About the Company: GVIC Communications Corp. (“GVIC” or the “Company”) is an information & marketing solutions company pursuing growth in sectors where the provision of essential information and related services provides high customer utility and value. The Company’s products and services are focused in two areas: 1) data, analytics and intelligence; and 2) content & marketing solutions.

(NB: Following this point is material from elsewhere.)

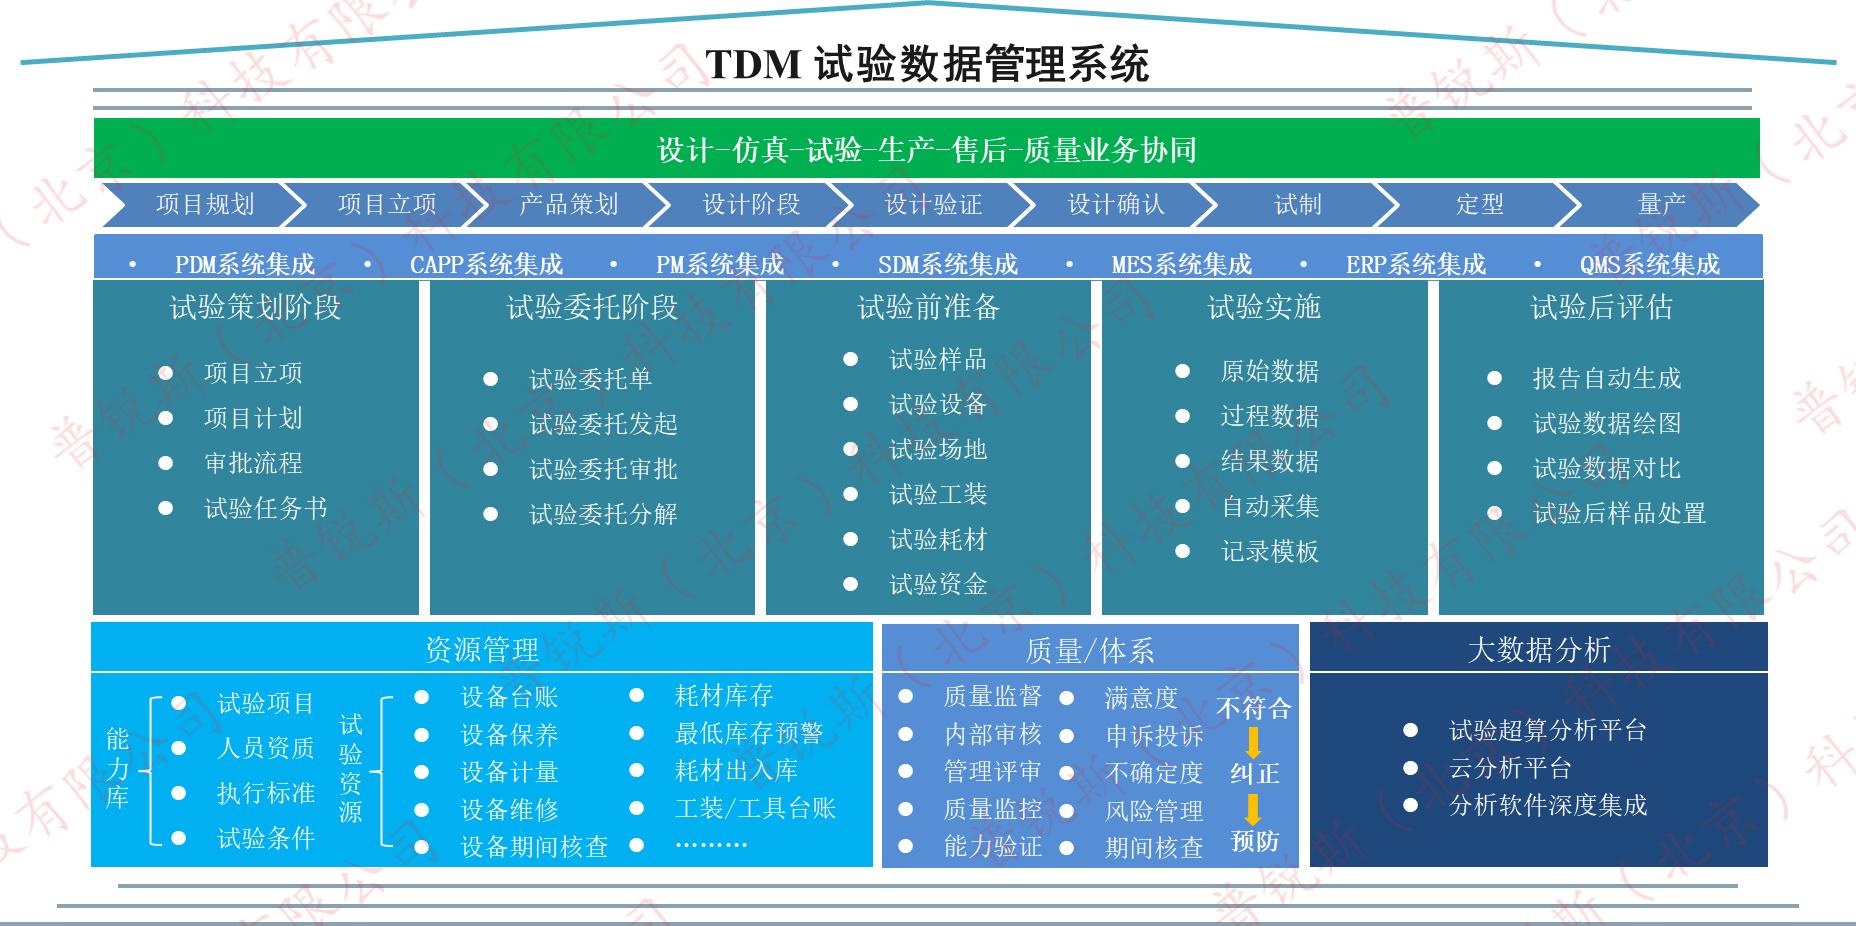 tdm产品,试验数据管理系统产品

Cautionary Note Concerning Forward Looking Statements

This news release contains forward-looking statements that relate to, among other things, the Company’s objectives, goals, strategies, intentions, plans, beliefs, expectations and estimates. These forward-looking statements include, among other things, statements relating to our expectations regarding revenues, expenses, cash flows, future profitability, recovery of businesses, the fundamentals of the businesses, availability of credit, the effect of the sale of an interest in the Businesses, our strategic initiatives and restructuring, including our expectations to grow certain operations, invest in key strategic areas, and to realize cost efficiencies and actions taken to alleviate the impact on the pandemic. These forward-looking statements are based on certain assumptions, including continued economic growth and recovery and the realization of cost savings in a timely manner and in the expected amounts, which are subject to risks, uncertainties and other factors which may cause results, performance or achievements of the Company to be materially different from any future results, performance or achievements expressed or implied by such forward-looking statements, and undue reliance should not be placed on such statements.

Important factors that could cause actual results to differ materially from these expectations include failure to implement or achieve the intended results from our strategic initiatives, the failure to reduce debt and the other risk factors listed in our Annual Information Form under the heading “Risk Factors” and in our MD&A under the heading “Business Environment and Risks”, many of which are out of our control. These other risk factors include, but are not limited to, the impact of Coronavirus, that future cash flow from operations, including the Businesses, and the availability under existing banking arrangements are believed to be adequate to support financial liabilities and that the Company expects to be successful in its objection with CRA, the ability of the Company to sell advertising and subscriptions related to its publications, foreign exchange rate fluctuations, the seasonal and cyclical nature of the agricultural and energy sectors, discontinuation of government grants, general market conditions in both Canada and the United States, changes in the prices of purchased supplies including newsprint, the effects of competition in the Company’s markets, dependence on key personnel, integration of newly acquired businesses, technological changes, tax risk, financing risk, debt service risk and cybersecurity risk.

The forward-looking statements made in this news release relate only to events or information as of the date on which the statements are made. Except as required by law, the Company undertakes no obligation to update or revise publicly any forward-looking statements, whether as a result of new information, future events or otherwise, after the date on which the statements are made or to reflect the occurrence of unanticipated events.